The "black box" nature of some AI algorithms, particularly deep neural networks, also raises concerns about transparency and accountability. It can be difficult to understand why an AI system makes a particular decision, which can be a challenge in healthcare, where decisions can have life-or-death consequences. Explainable AI (XAI) is an emerging field that aims to develop AI systems that are more transparent and interpretable.
The integration of AI into healthcare also requires careful consideration of the human element. It is important to ensure that healthcare professionals are properly trained to use AI tools and that they understand their limitations. AI should be seen as a tool to augment human capabilities, not to replace them. The human touch remains essential in healthcare.

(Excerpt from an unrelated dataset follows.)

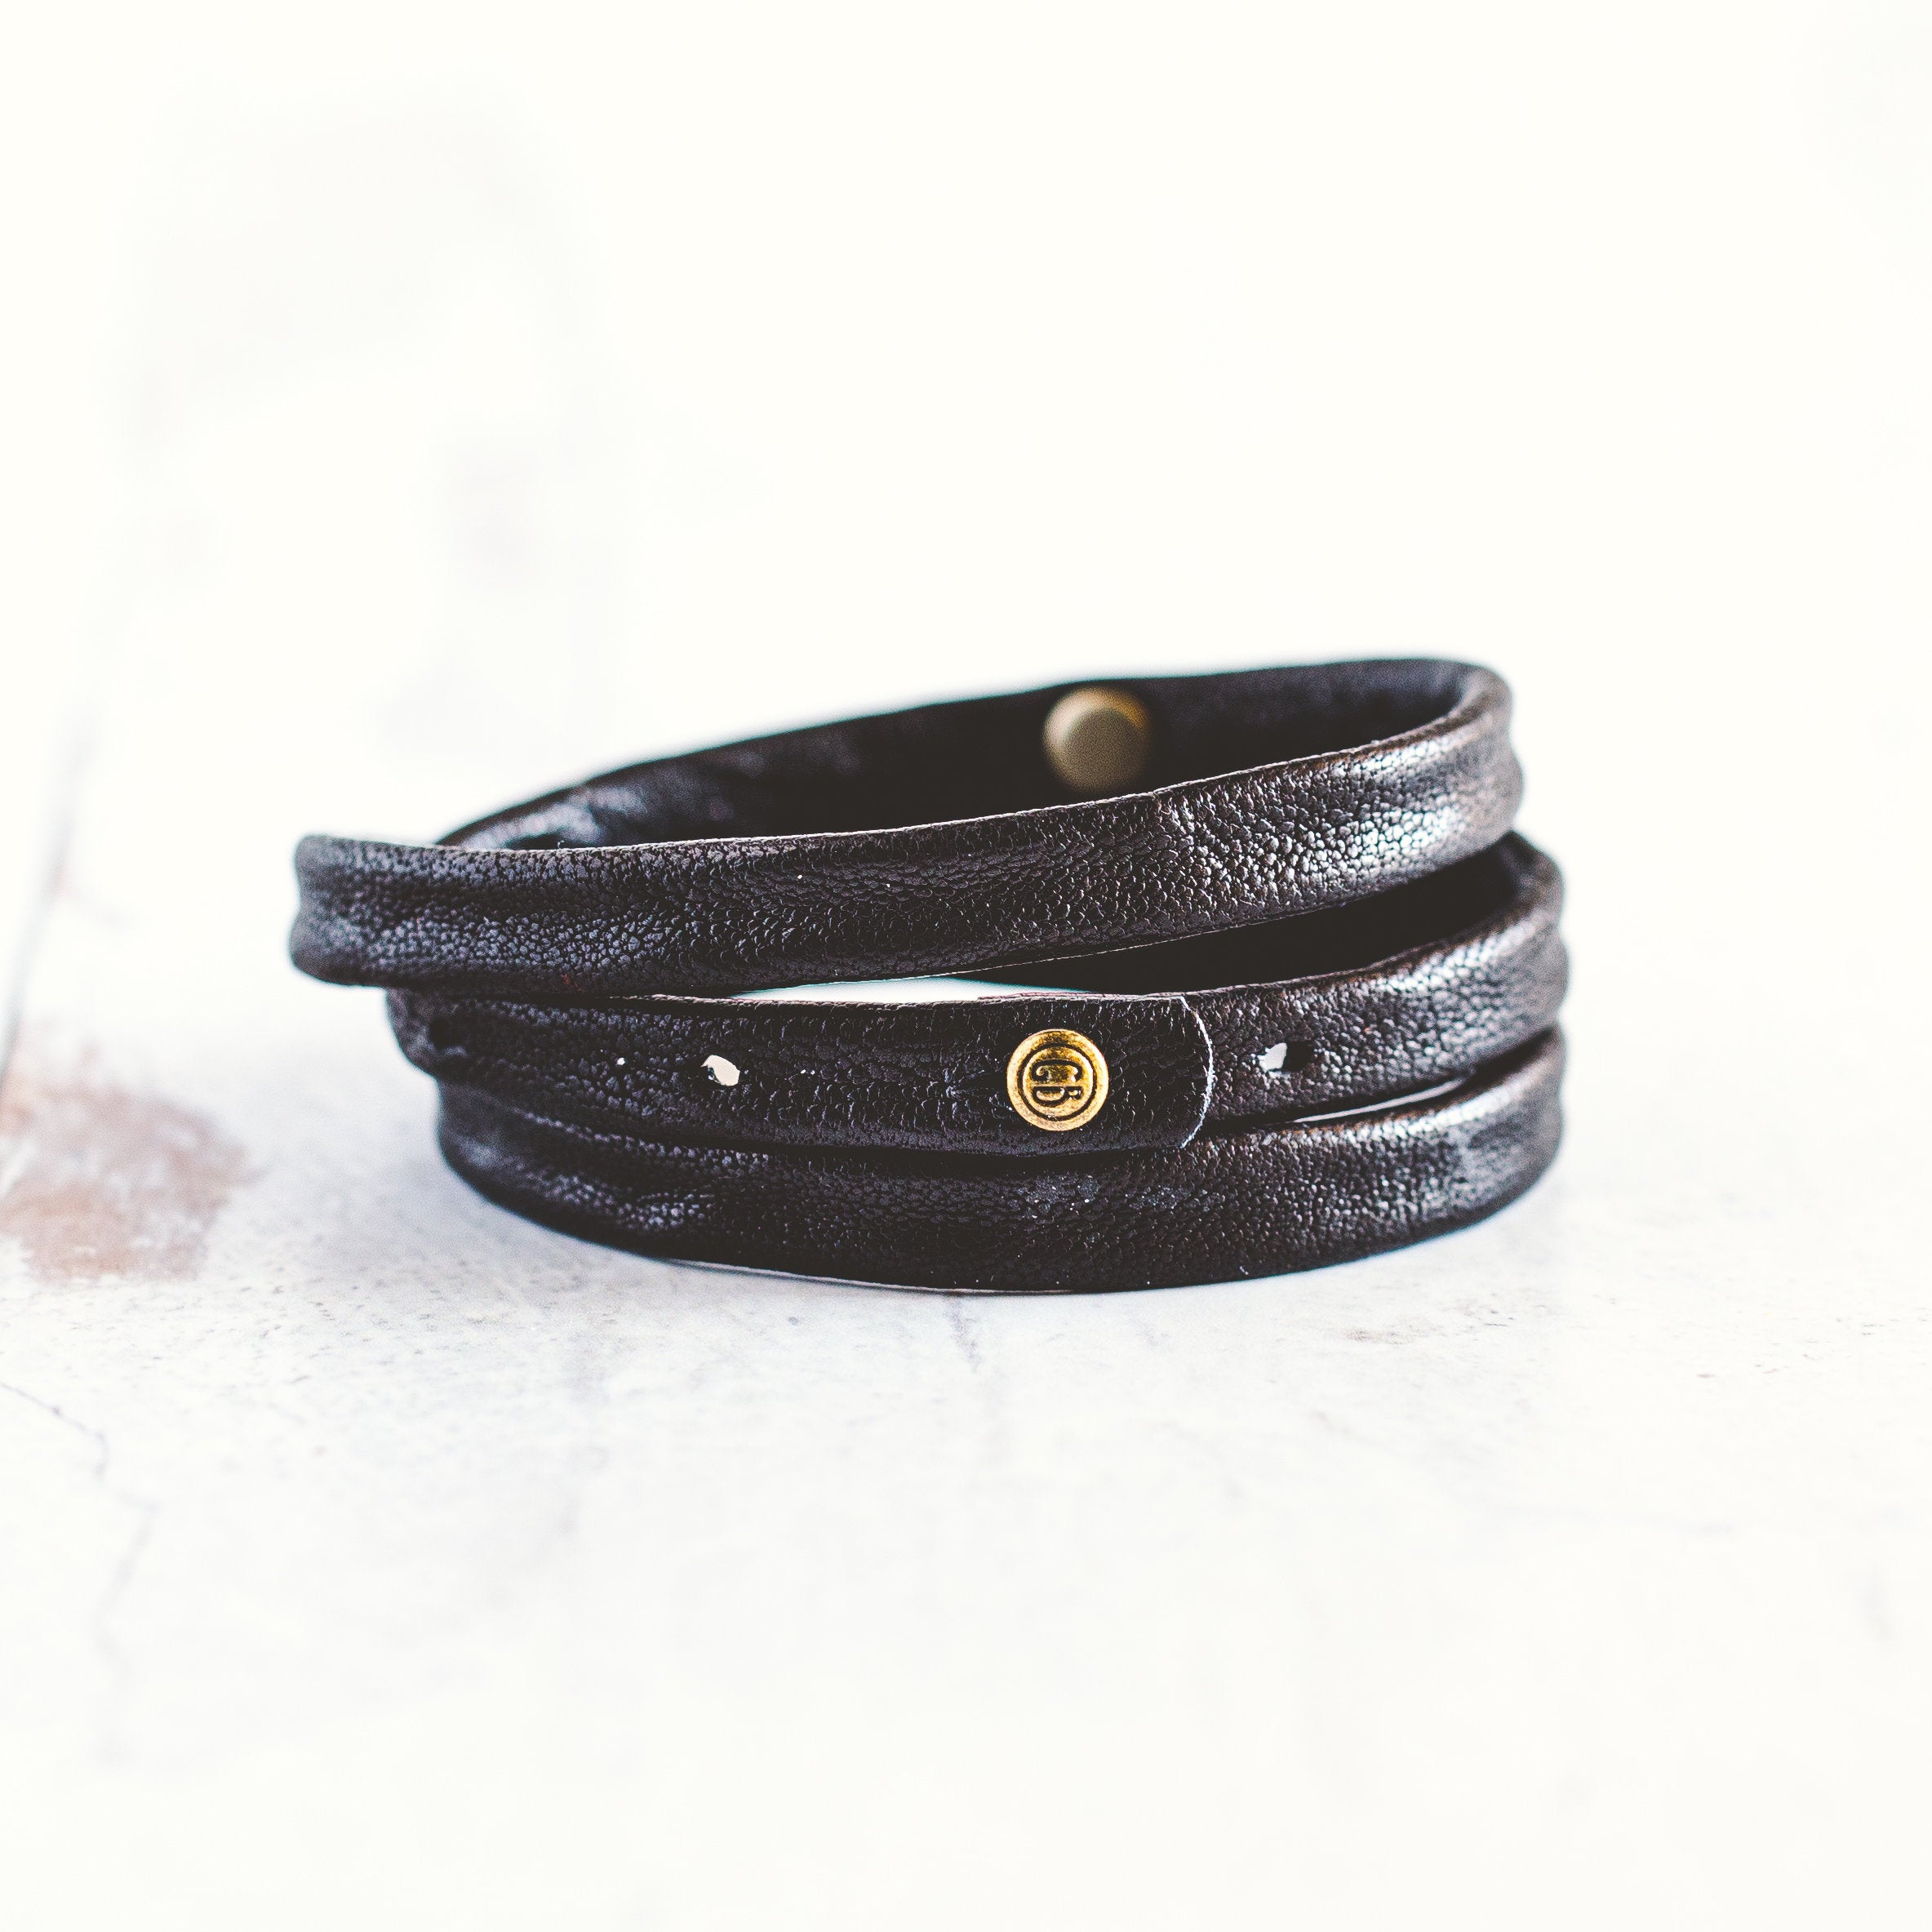  V-MORO Multilayer Wrap Suede Leather Strap Bracelet
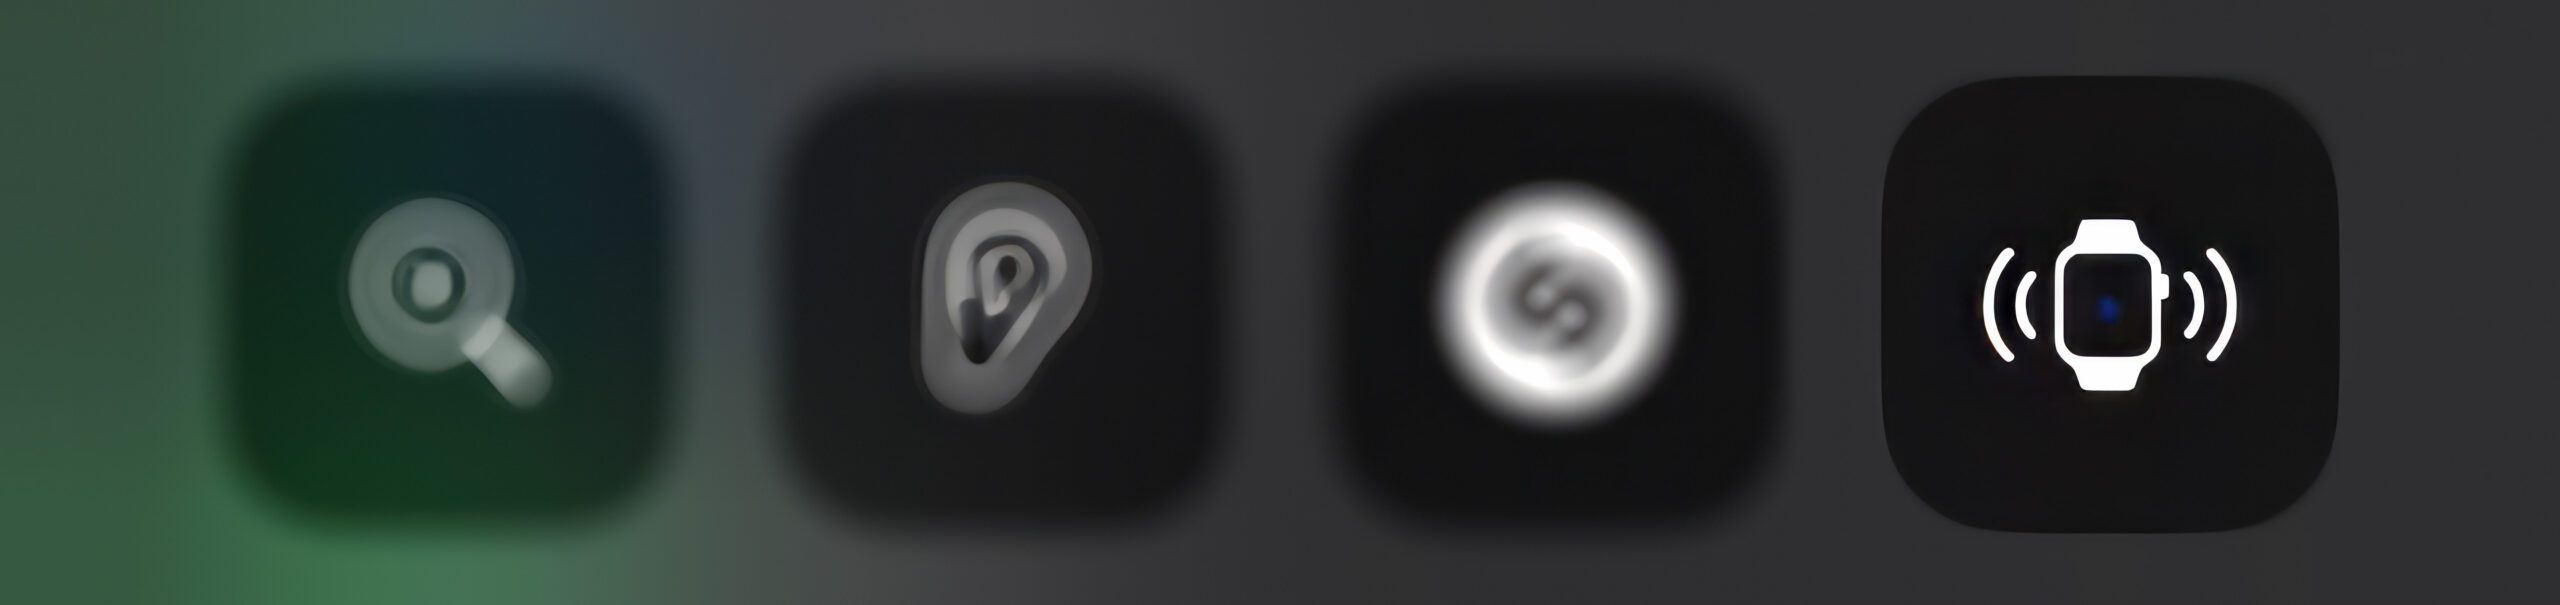 Rechts unten sieht man das neue Icon für die Funktion, um die Apple Watch anzupingen – hier ein Screenshots aus meinem iPhone-Kontrollzentrum (mit Weichzeichner über die anderen Buttons).

Despite these challenges, the potential benefits of AI in healthcare are immense. AI has the power to transform healthcare, making it more accurate, personalized, efficient, and accessible. As AI technology continues to advance, it is likely to play an increasingly important role in improving the health and well-being of people around the world. It is a rapidly evolving field, with new breakthroughs happening all the time. It is not a panacea, but it is a powerful tool that can make a real difference. The future of healthcare is intertwined with the future of AI. The possibilities are both exciting and daunting.
This is a sample preview. The complete book contains 27 sections.